High-throughput gene expression enables powerful studies of evolutionary transcriptomics in the lab and in the wild

The power and promise of next generation sequencing systems remains largely untapped by studies of evolutionary transcriptomics in natural populations. Although costs are falling, this technology still remains out of reach for many who require large sample sizes to capture subtle patterns. To resolve this, I updated and validated an alternative RNAseq library construction method, TagSeq.
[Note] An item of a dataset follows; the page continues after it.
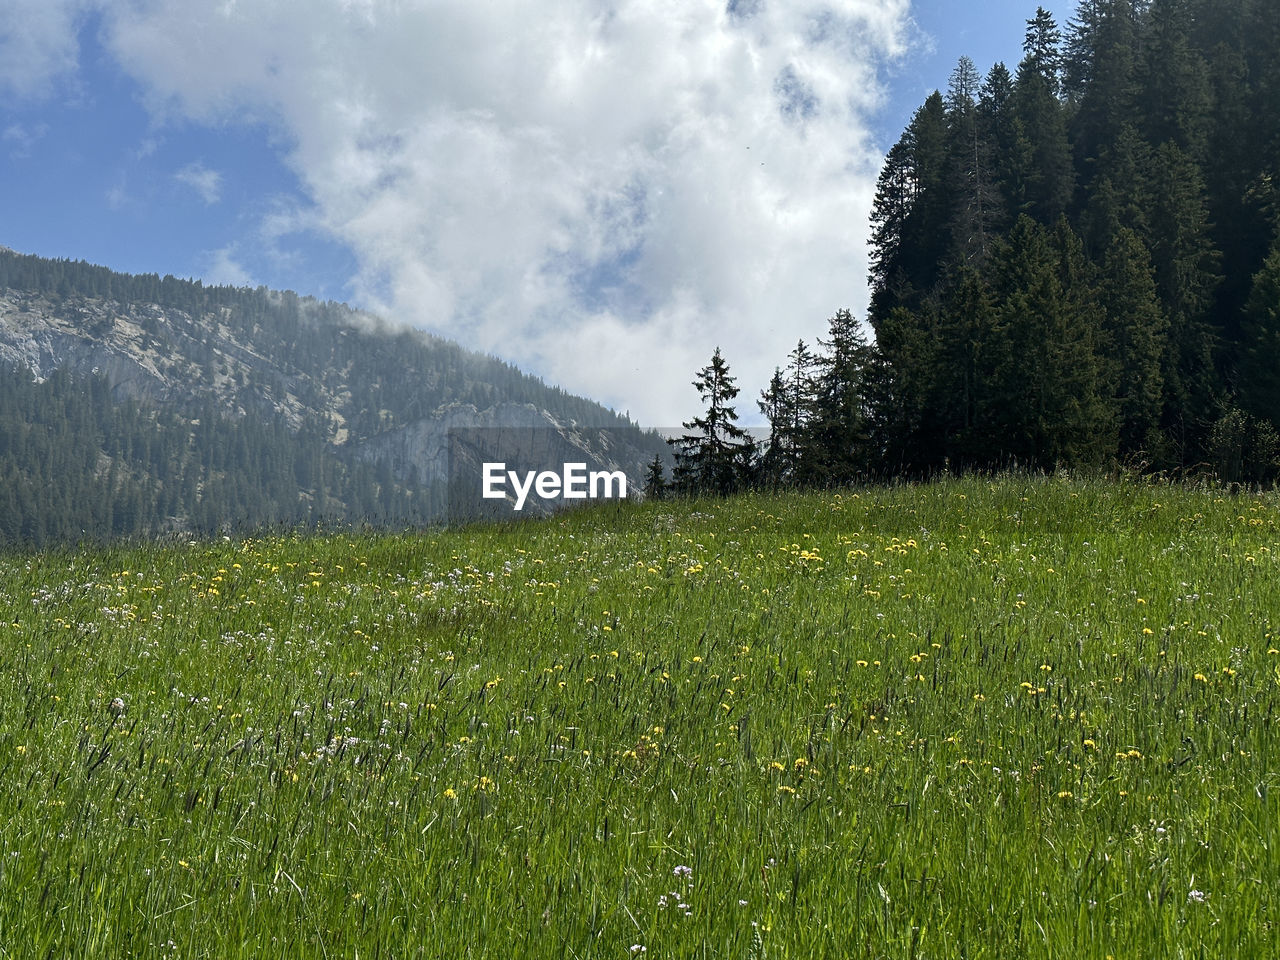 plant, meadow, nature, grass, sky, environment, grassland, mountain, land, tree, beauty in nature, mountain range, landscape, scenics - nature, natural environment, green, cloud, pasture, wilderness, flower, field, plateau, no people, forest, prairie, pine tree, coniferous tree, non-urban scene, ridge, tranquility, pinaceae, growth, pine woodland, tranquil scene, rural area, plain, outdoors, day, travel, travel destinations, sunlight, summer, springtime, social issues, rural scene, wildflower, freshness, idyllic

TagSeq produces data that is at least as high quality, if not better, than the current industry standard. Next, I applied this method to two large scale experiments in Threespine Stickleback (Gasterosteus aculeatus). First, I tested for change in stickleback gene expression in response to infection by a macroparasite, Schistocephalus solidus. Expression depended on genotype, infection status, and their interaction. Coexpression network analysis suggested clusters of genes which are correlated with immune phenotypes, and thus both candidate genes and pathways for further study. Candidates identified here are involved in immune responses known to contribute to stickleback resistance to S. solidus. Additionally, stickleback genotypes have vastly different expression networks; a resistant population showed a diverse and dynamic expression profile while a susceptible populations remained static. But parasites are not the only challenge that stickleback face. Stickleback are a classic example of colonizing new environments and this challenge involves multiple biotic and abiotic factors. Second, I measured stickleback gene expression in samples from a prior lake-stream reciprocal transplant with TagSeq. I tested whether migrants showed a plastic response to new environments that enabled them to converge on the expression profile of natives. The majority of gene expression differences between lake and stream are static, but some genes respond plastically to the environment. The expression profile of immigrants converged on that of natives, suggesting plasticity, and the degree of plasticity is genotype dependent. Gene expression plasticity appears to soften the impact of selection on migrants in new habitats, but plasticity is not strong enough to homogenize performance of immigrants and natives. In summary, the updated and validated TagSeq protocol offers users the chance to increase sample sizes in order to ask bigger questions in ecological transcriptomics, from candidate gene discovery to whole transcriptome level analysis.